Testing of Bevacizumab, Erlotinib, and Atezolizumab for Advanced-Stage Kidney Cancer

Official Title

A Phase 2 Study of Bevacizumab, Erlotinib and Atezolizumab in Subjects With Advanced Hereditary Leiomyomatosis and Renal Cell Cancer (HLRCC) Associated or Sporadic Papillary Renal Cell Cancer

Brief Summary

      This phase II trial studies the effects of bevacizumab, erlotinib, and atezolizumab in
      treating patients with hereditary leiomyomatosis and kidney cancer that has spread to other
      places in the body (advanced). Bevacizumab is a monoclonal antibody that may interfere with
      the ability of tumor cells to grow and spread. Erlotinib may stop the growth of tumor cells
      by blocking some of the enzymes needed for cell growth. Immunotherapy with monoclonal
      antibodies, such as atezolizumab, may help the body's immune system attack the cancer, and
      may interfere with the ability of tumor cells to grow and spread. Giving bevacizumab,
      erlotinib, and atezolizumab may help reduce symptoms and stop the tumor from growing.
    

Detailed Description

      PRIMARY OBJECTIVE:

      I. To assess the complete response (CR) rate according to standard Response Evaluation
      Criteria in Solid Tumors version 1.1 (RECIST 1.1) in patients with 1) advanced renal cell
      cancer (RCC) associated with hereditary leiomyomatosis and renal cell cancer (HLRCC) and 2)
      advanced sporadic/non-HLRCC papillary renal cell cancer treated with a combination of
      bevacizumab, erlotinib, and atezolizumab.

      SECONDARY OBJECTIVES::

      I. To determine the safety and tolerability of the combination of bevacizumab, erlotinib, and
      atezolizumab.

      II. To determine the objective response rate (ORR) as complete response (CR) + partial
      response (PR).

      III. To determine disease control rate (DCR) - confirmed response, or stable disease (SD)
      lasting for at least 6 months.

      IV. To assess progression-free survival time (PFS) according to RECIST 1.1. V. To assess
      overall survival (OS).
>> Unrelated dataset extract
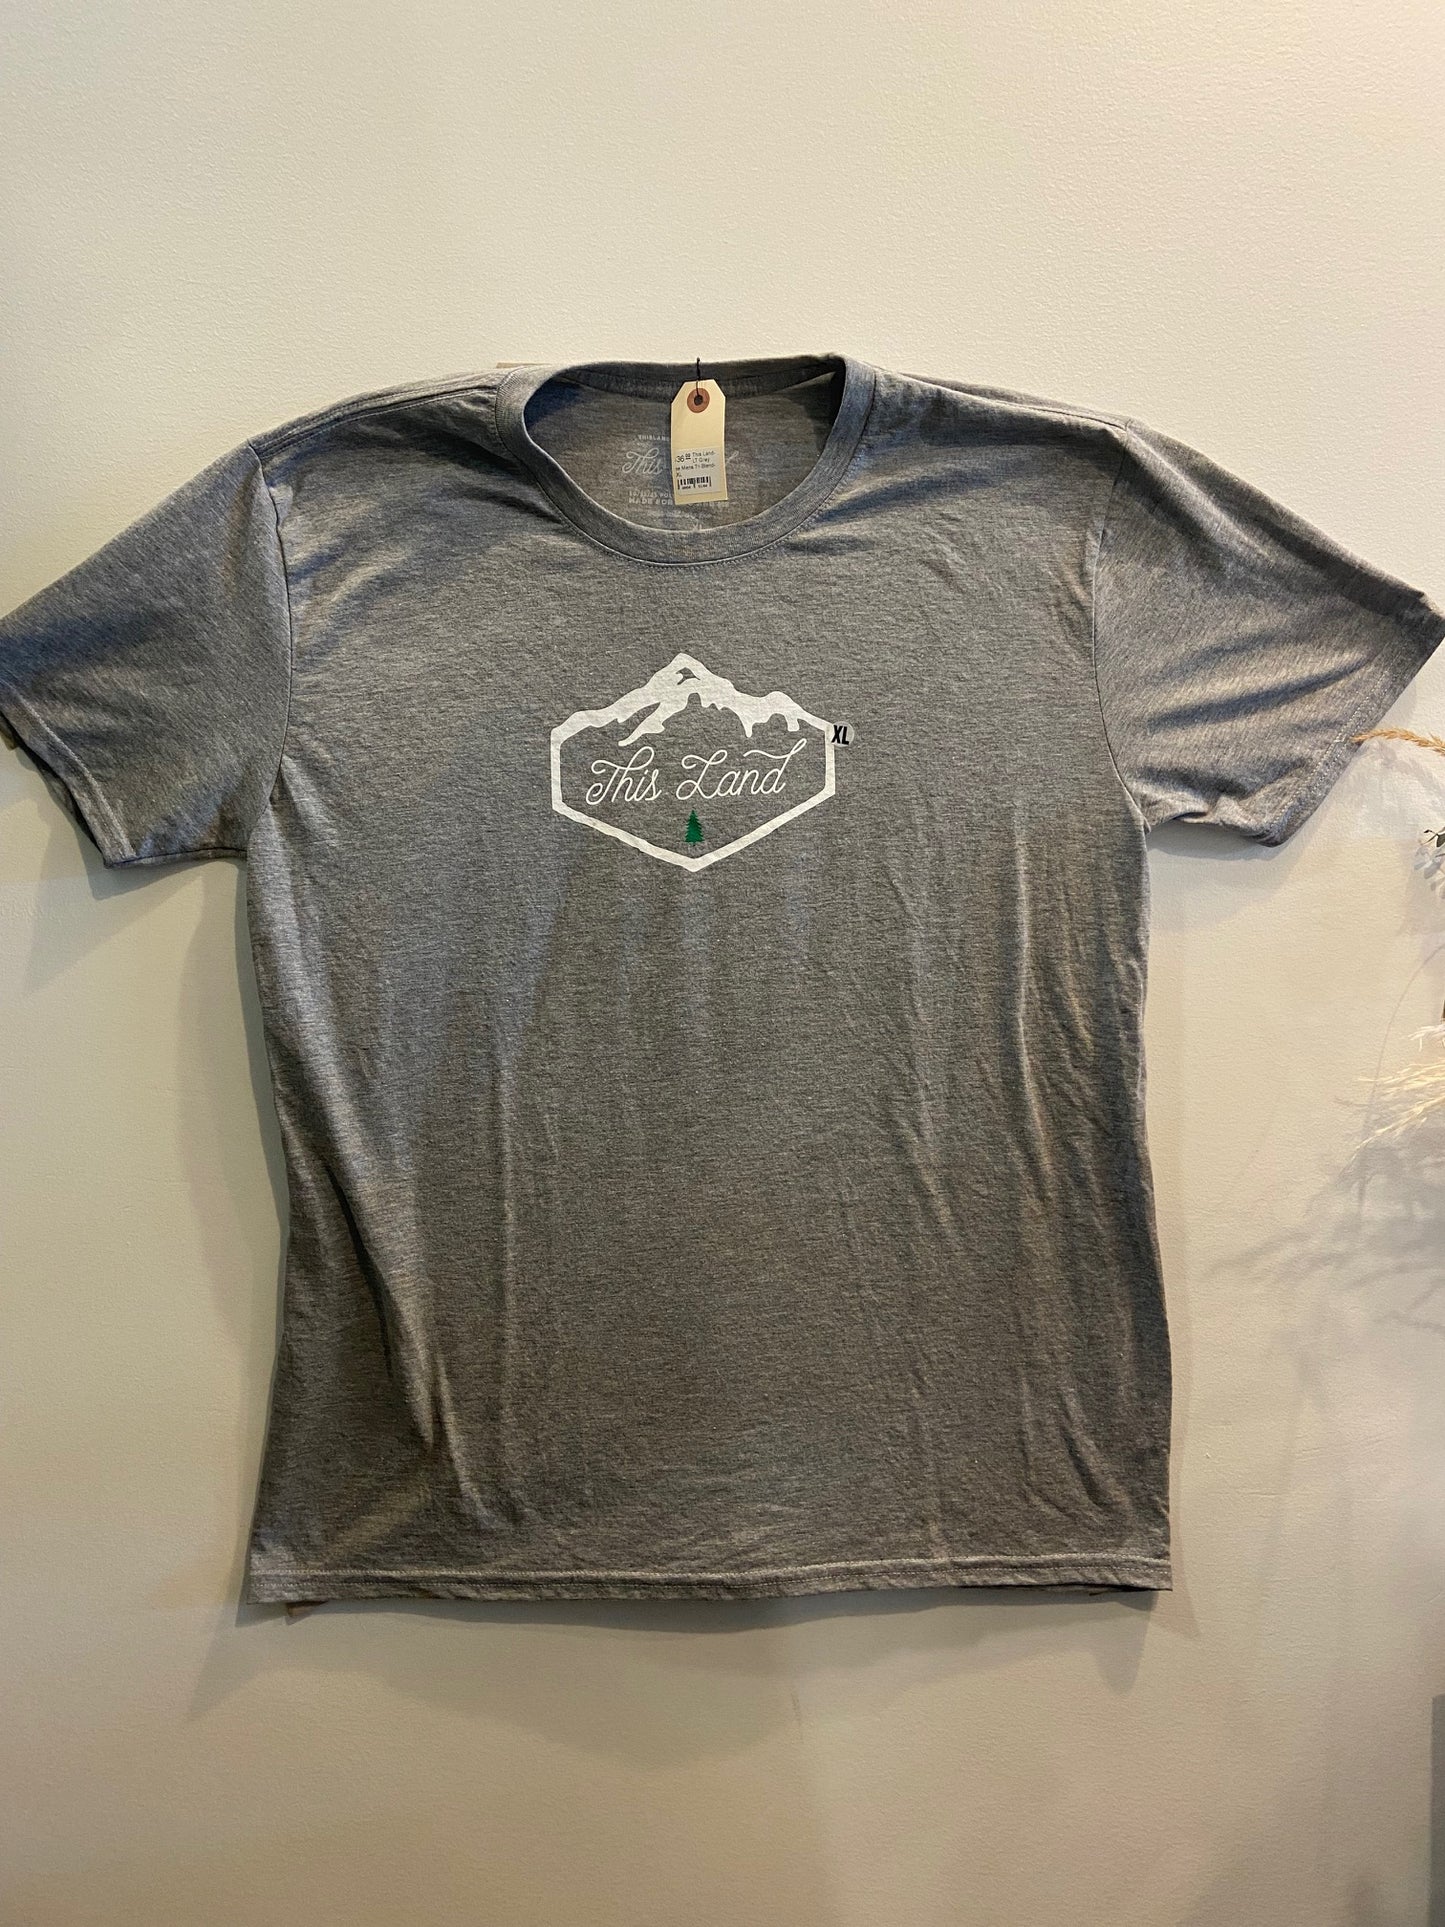 This Land - Men's T-Shirt

VI. To assess the duration of response. VII. To assess response to
      treatment using immune-modified Response Evaluation Criteria in Solid Tumors (iRECIST).
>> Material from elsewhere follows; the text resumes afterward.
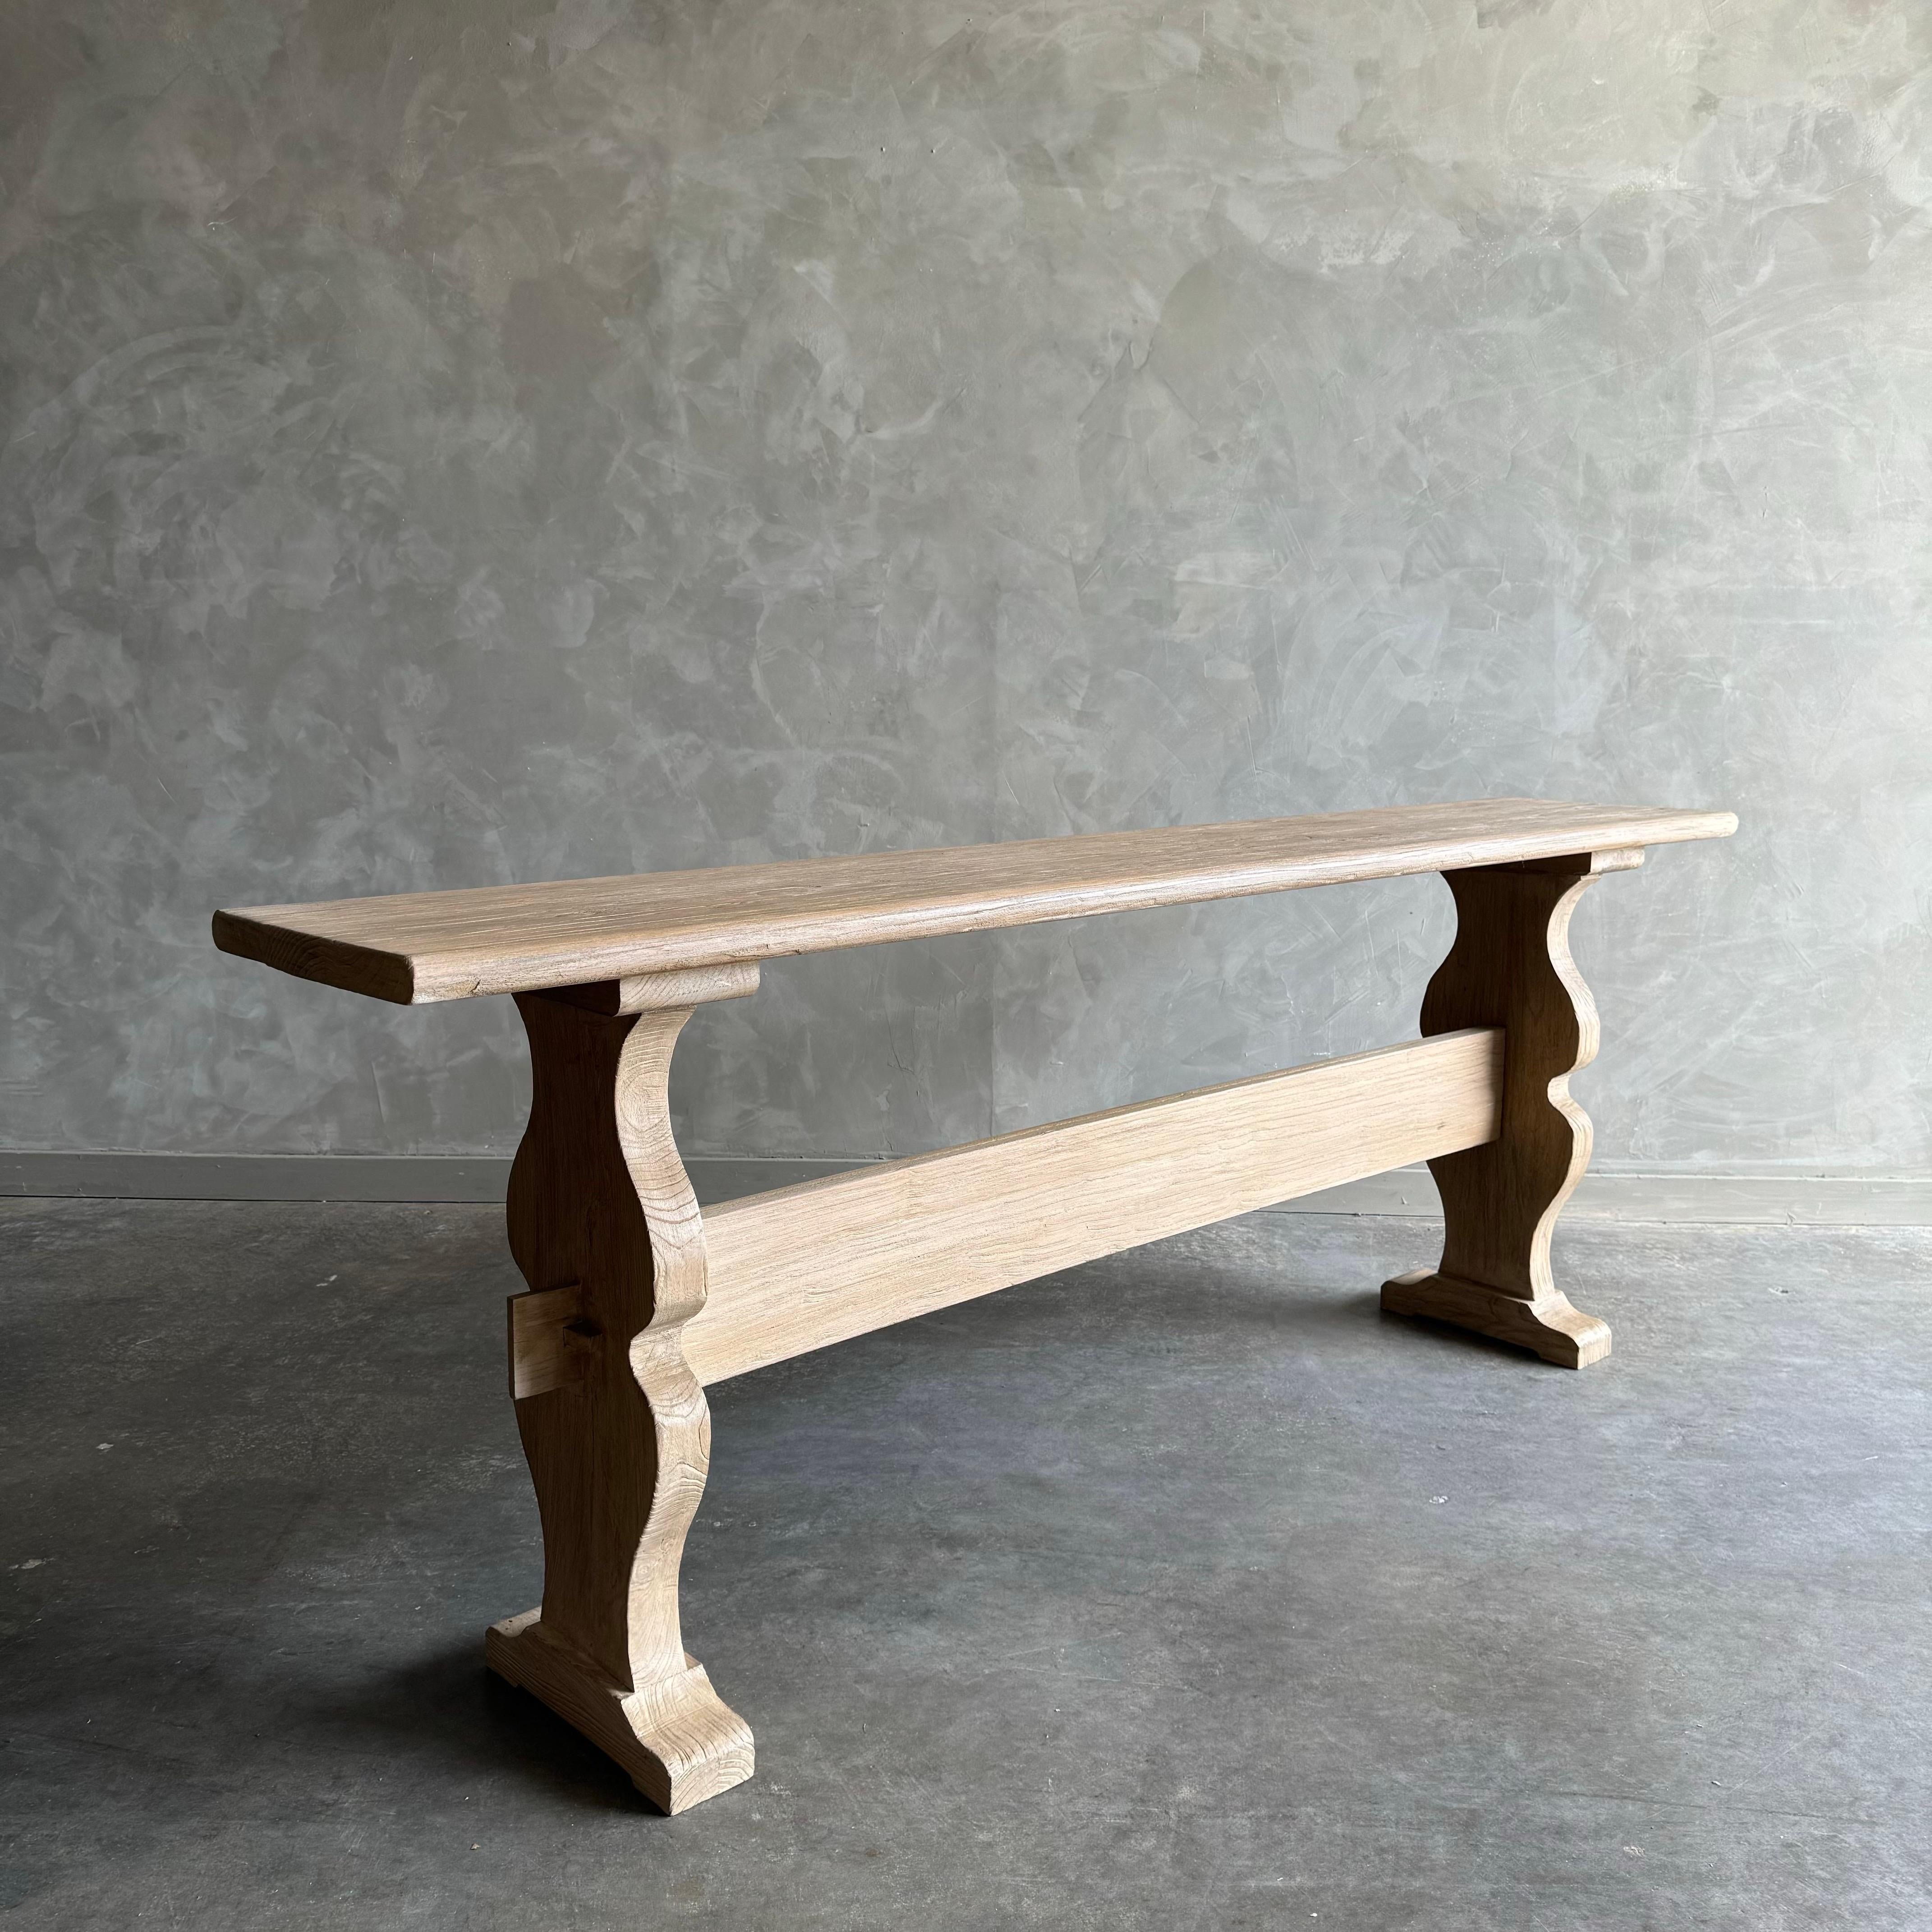 Die Konsole aus aufgearbeitetem Ulmenholz ist wunderschön verarbeitet und der perfekte Tisch für jeden Raum. Da dies aus alten, wiederverwerteten Materialien hergestellt wird, kann es einige Unvollkommenheiten in dem Stück oder der Maserung des

      EXPLORATORY OBJECTIVES:

      I. To evaluate immunologic modulation associated with the administered treatment regimen,
      including:

      Ia. Peripheral immune subset analysis before and on treatment. Ib. Evaluation of relevant
      soluble factors before and on treatment. (e.g., cytokine profiles) Ic. Tumor tissue immune
      infiltration cells before and after treatment (immune microenvironment, CD8/CD4/CD3 cells,
      T-Cell receptor clonality).

      Id. Evaluation of tissue PDL1/PD1 expression and their correlation with outcome.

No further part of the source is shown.